Pero no es este el debate que pretendo abrir con estas líneas, sino otro que tiene que ver con el derecho fundamental a la tutela judicial efectiva (art. 24.1 CE) y, en particular, con la incidencia que el uso de distintas lenguas tiene en el desarrollo de los procesos judiciales.

En la rutina de los tribunales suelen convivir el castellano y las lenguas oficiales de las comunidades autónomas (tanto en los escritos presentados por las partes como en las resoluciones dictadas por el tribunal). Y ante esta realidad, la legislación vigente no ha sabido dar una respuesta ordenada y coherente al problema de las lenguas en el proceso. De hecho, la aplicación práctica del artículo 231 de la LOPJ –donde se regula esta cuestión- ha dado lugar a numerosas dudas y criterios dispares de los distintos juzgados.
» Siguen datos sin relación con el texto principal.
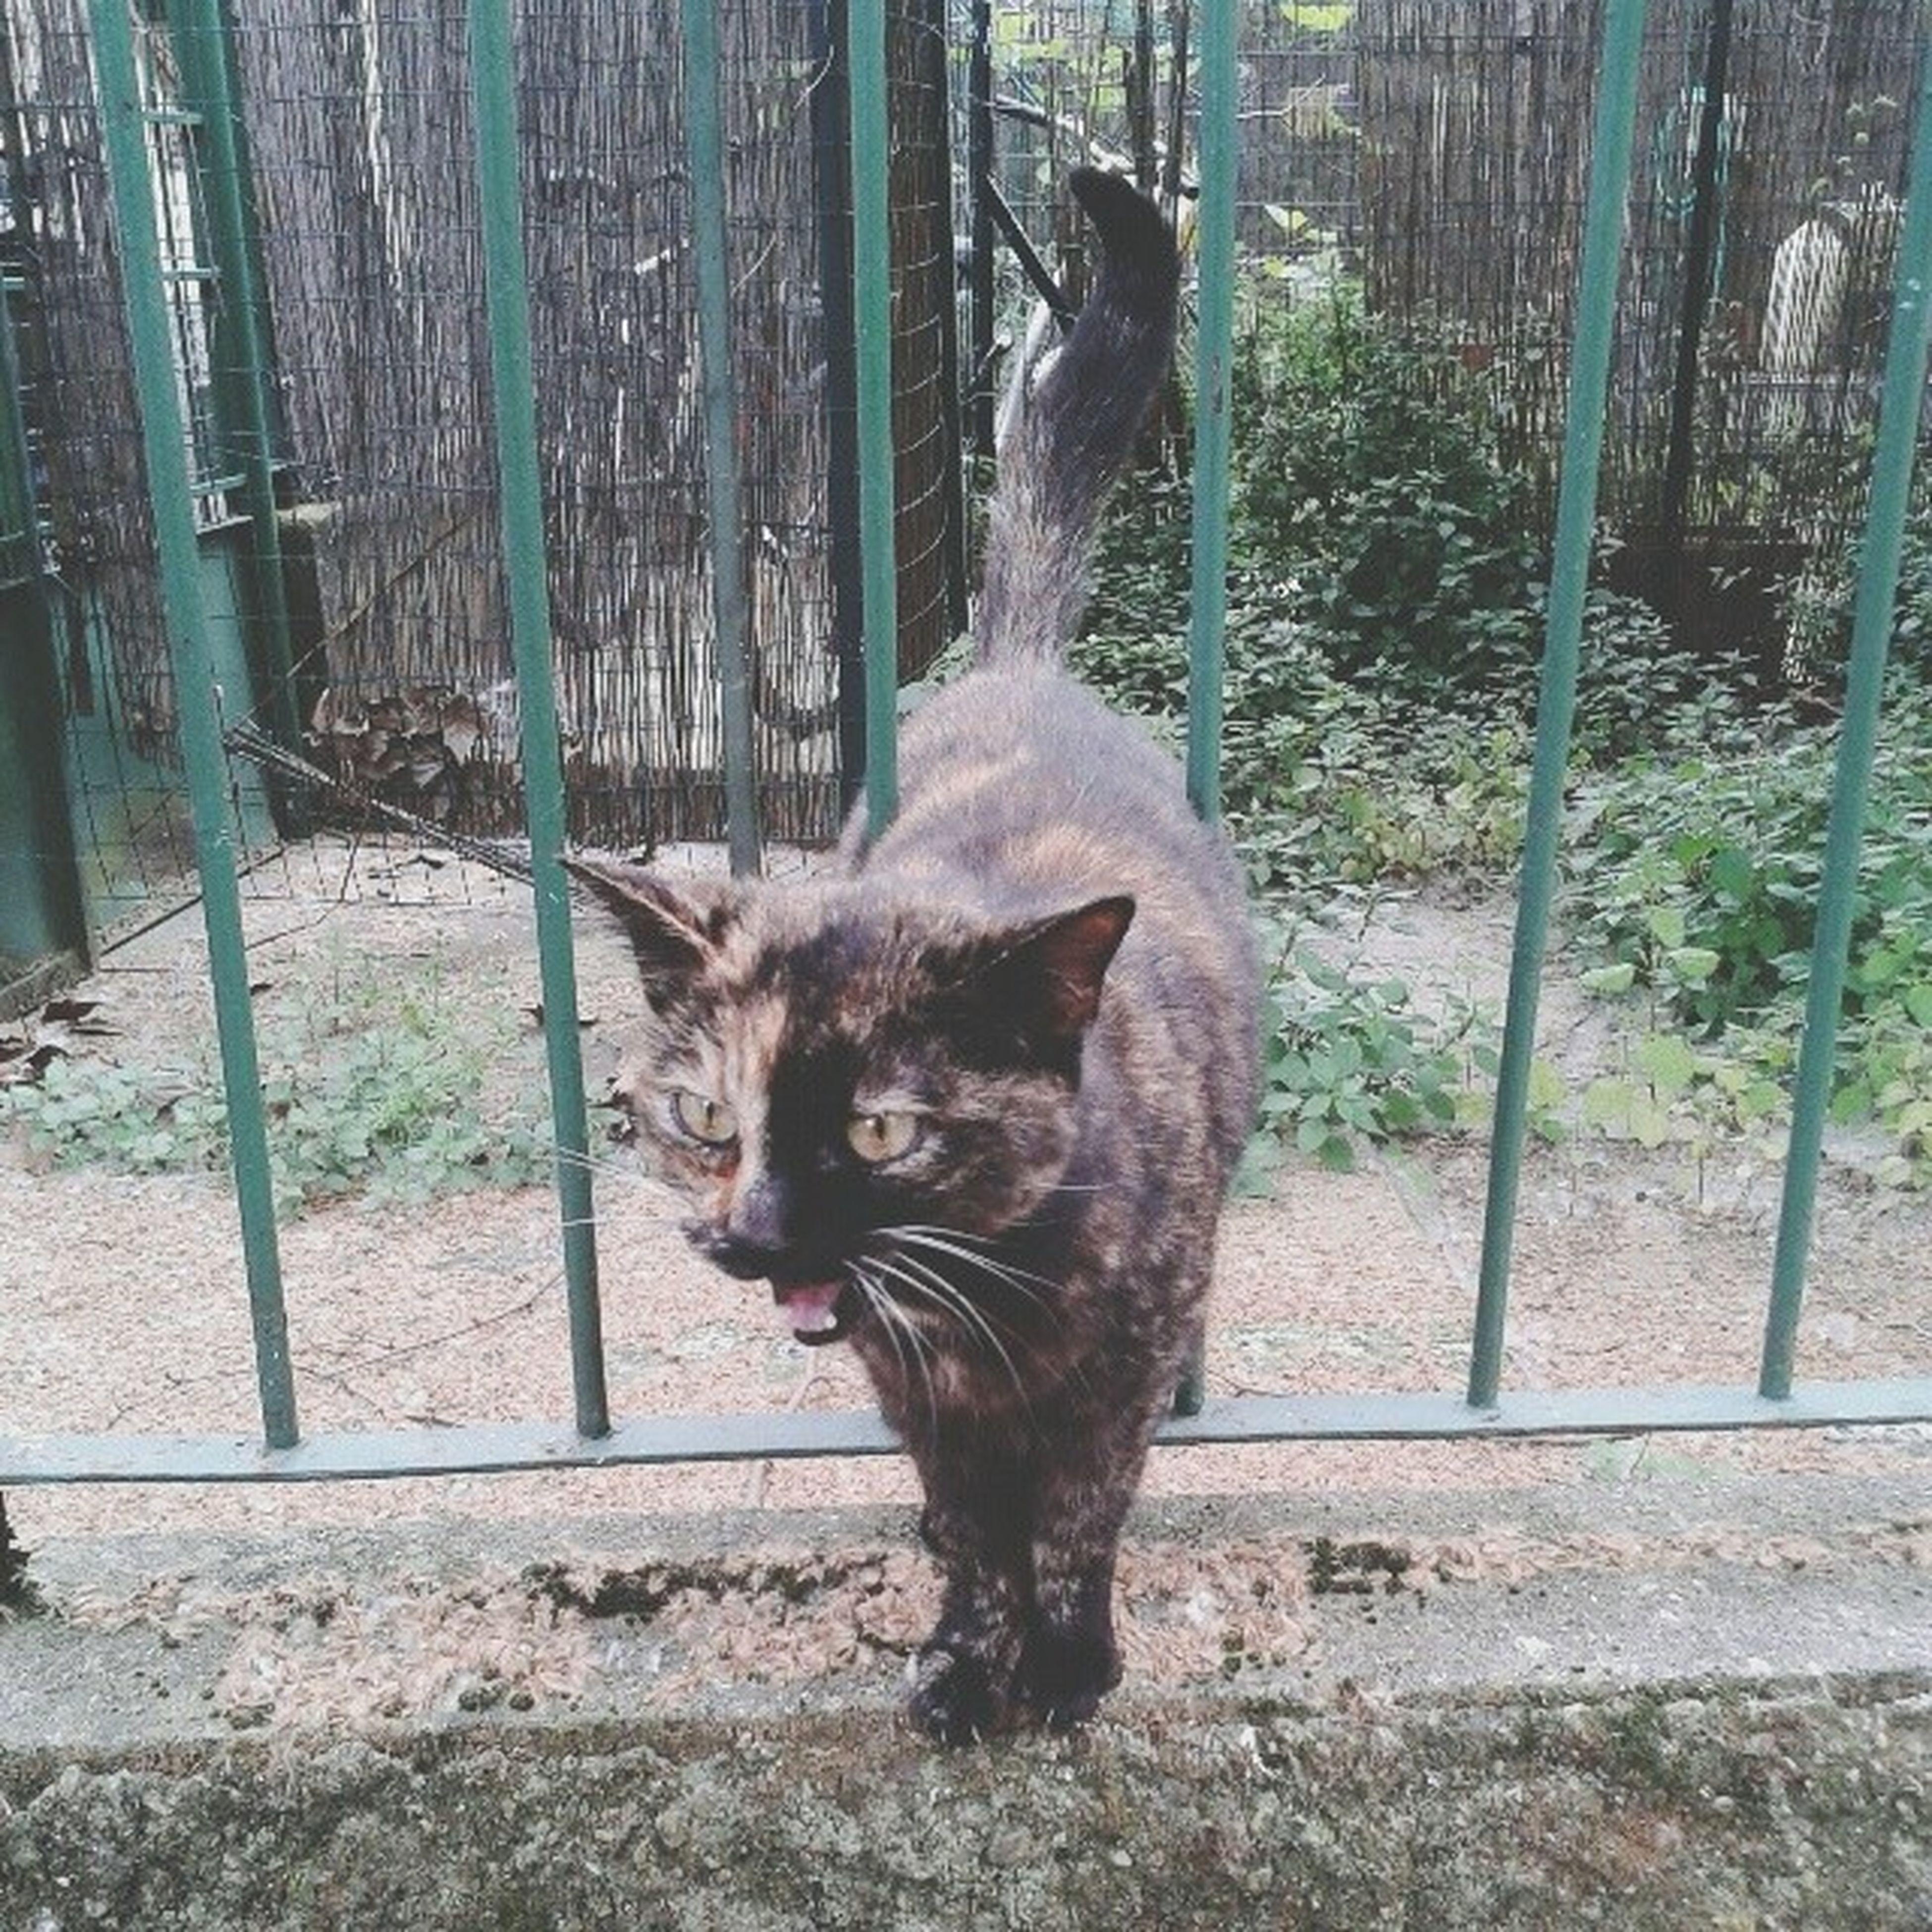 Attendere il bus con lei è stato fantastico ( pt.I ) Kitty Cat Gatto Gatta gattina she lei lovely twocolours morbida cute cutie maow eyes occhi now ora

Como decíamos al inicio, el uso del catalán en los juzgados se situó el año pasado en poco más del 8%. Si damos por cierta esa cifra, es fácil deducir que lo normal y más habitual en Cataluña es que los abogados usen el castellano en sus escritos. Si formas parte de esa mayoría y tienes la suerte de encontrar enfrente a un compañero que prefiere usar el catalán, es altamente probable que el proceso termine viéndose afectado por dilaciones indebidas.

Situándonos en ese escenario, no resulta claro en qué momento procesal tiene que solicitarse la traducción, ni qué cauces deben seguirse ante dicha solicitud, ni quién ha de costear la traducción (la propia Administración de Justicia o la parte que pretende hacer uso de la lengua oficial de la comunidad autónoma), ni si existe algún supuesto en que el tribunal pudiera denegar la traducción a la parte que dice desconocer la lengua del territorio. A primera vista todo esto puede resultar extravagante, pero en el día a día de los tribunales en Cataluña –y no solo en Cataluña-, se dan soluciones para todos los gustos. Por mencionar un caso de actualidad, no tiene desperdicio el video que publicaban la semana pasada los medios de comunicación, sobre el altercado habido en un Juzgado de Primera Instancia de Olot, que por el momento, ha supuesto que la juez titular sea amonestada por el Tribunal Superior de Justicia de Cataluña (ver aquí).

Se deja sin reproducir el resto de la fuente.